1. The plaintiff's appeal is dismissed.

2. Of the costs of appeal, the part pertaining to the participation in the appeal shall be the intervenor joining the Plaintiff.

Reasons

1. The reasoning for the court’s explanation of this case is as follows, except for adding the judgment as set forth in the following paragraph (2) to the assertion that the plaintiff newly adopted or emphasized in the trial of the court of first instance, and therefore, it is identical to the reasoning for the judgment of the court of first instance. Thus, it is citing this as it is by

2. Additional matters to be determined;

A. 1) The Plaintiff is obliged to bear the freight charges incurred by the Defendants, the importer, at the port of arrival, on the grounds that the Plaintiff is obliged to pay the freight charges incurred before the first supplied goods were returned after having arrived at the port of Busan, under the terms and conditions of the import transportation contract CFR (the terms and conditions of the CFR).
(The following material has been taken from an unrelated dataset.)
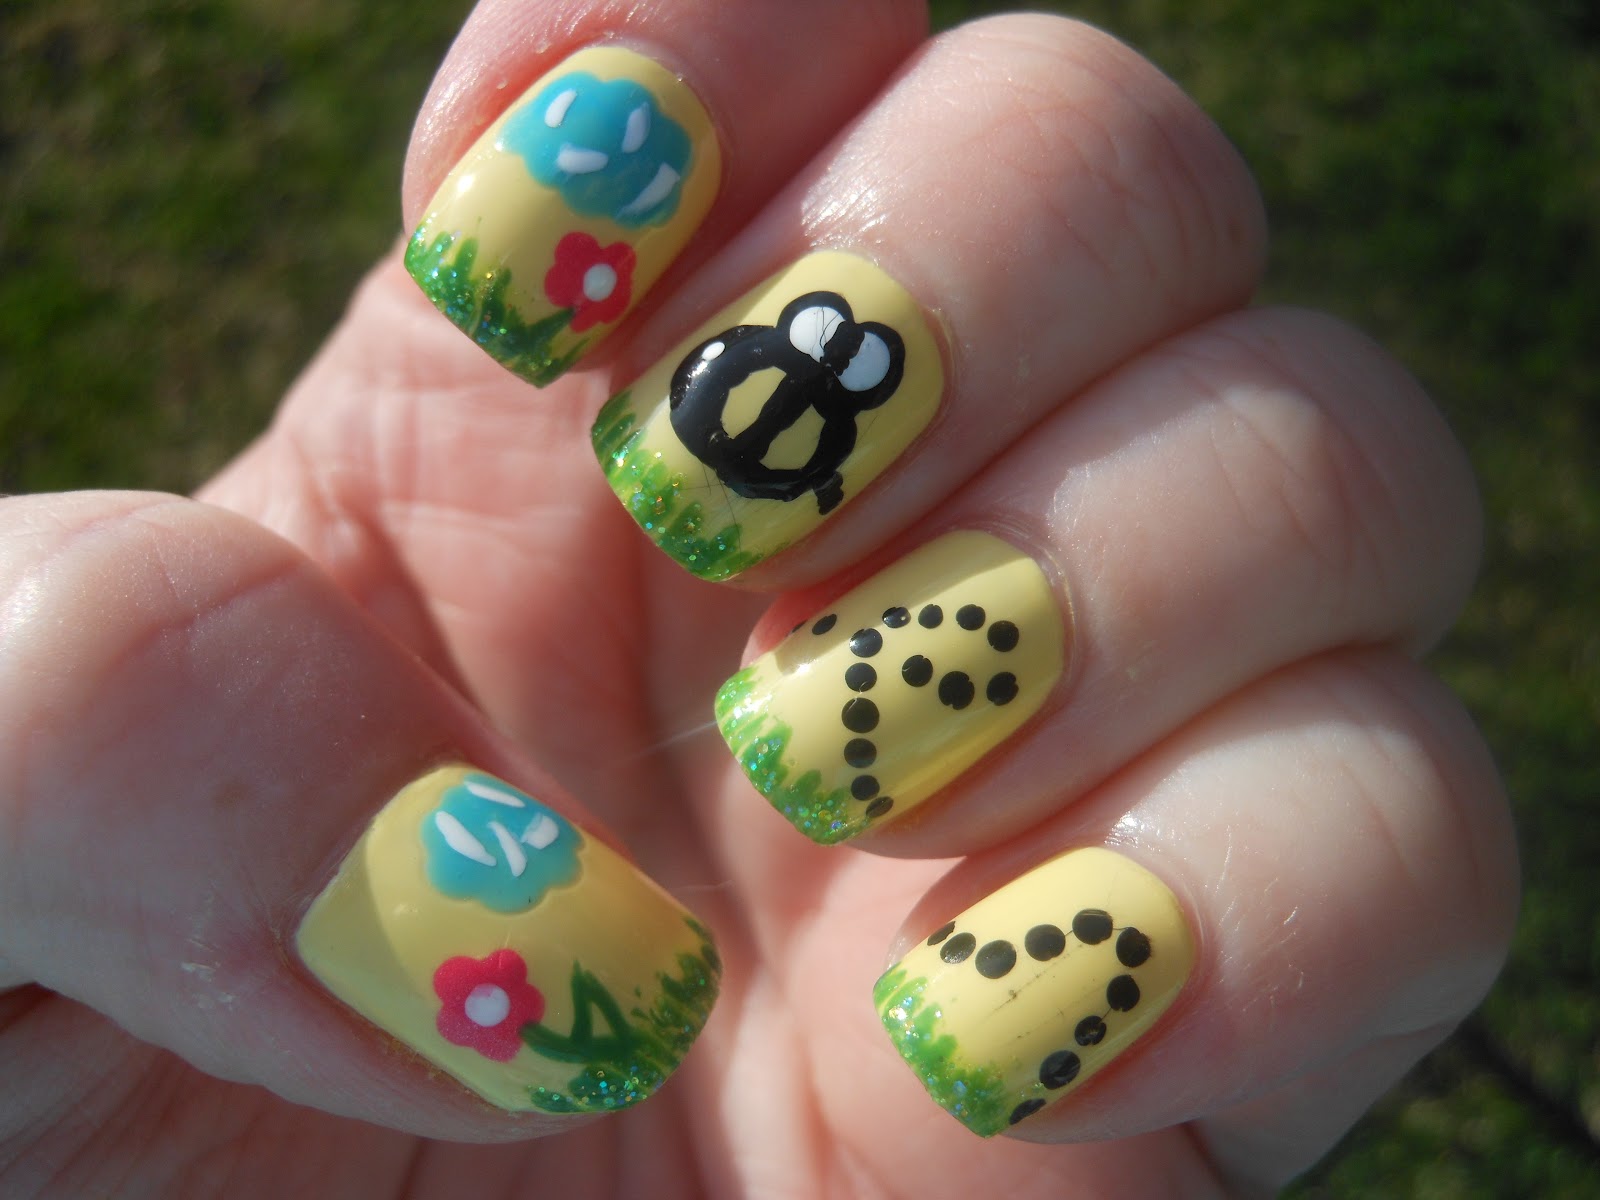 3. "Cute Bumble Bee Nail Tutorial for Beginners" - wide 3

However, the importer is obliged to bear the freight charges incurred by the importer, excluding the risks incurred after the goods were delivered to the vessel and the maritime freight charges. Accordingly, the Defendants, the importer, should bear the freight charges incurred at

The author argues that the costs involved should be judged separately from who is the party to the contract of return.

According to the overall purport of Gap evidence Nos. 13 and 4-1, 2, and 5-1, 7-1, 2, and 2-2 of the evidence Nos. 13 and 4-1, 2, and 7-2 of the evidence Nos. 13 and the entire pleadings, the first supplied goods are divided into 5 containers of March 11, 2018 and 13 containers of March 25, 2018 and arrive at each Busan port. The defendants confirmed that one of the containers which arrive at March 11, 2018 was not normal products as a result of the verification that they were not normal products, they requested the return of five containers that arrive at D and 13 containers scheduled to arrive later, and the Defendants, according to a return agreement with D, passed on March 13, 2018.

3. Around 26, the Plaintiff expressed his intention to return (SHIP BACK) the primary supplied goods to the Plaintiff, and the Plaintiff

3. On March 22, 2018, the Plaintiff requested the Defendants to verify the export declaration customs clearance and the CY shipment schedule of containers that were used for traffic, and notified the Defendants of the shipment schedule for the cargo to be returned on March 22, 2018. According to the shipment schedule notified to the Defendants, the said cargo was returned.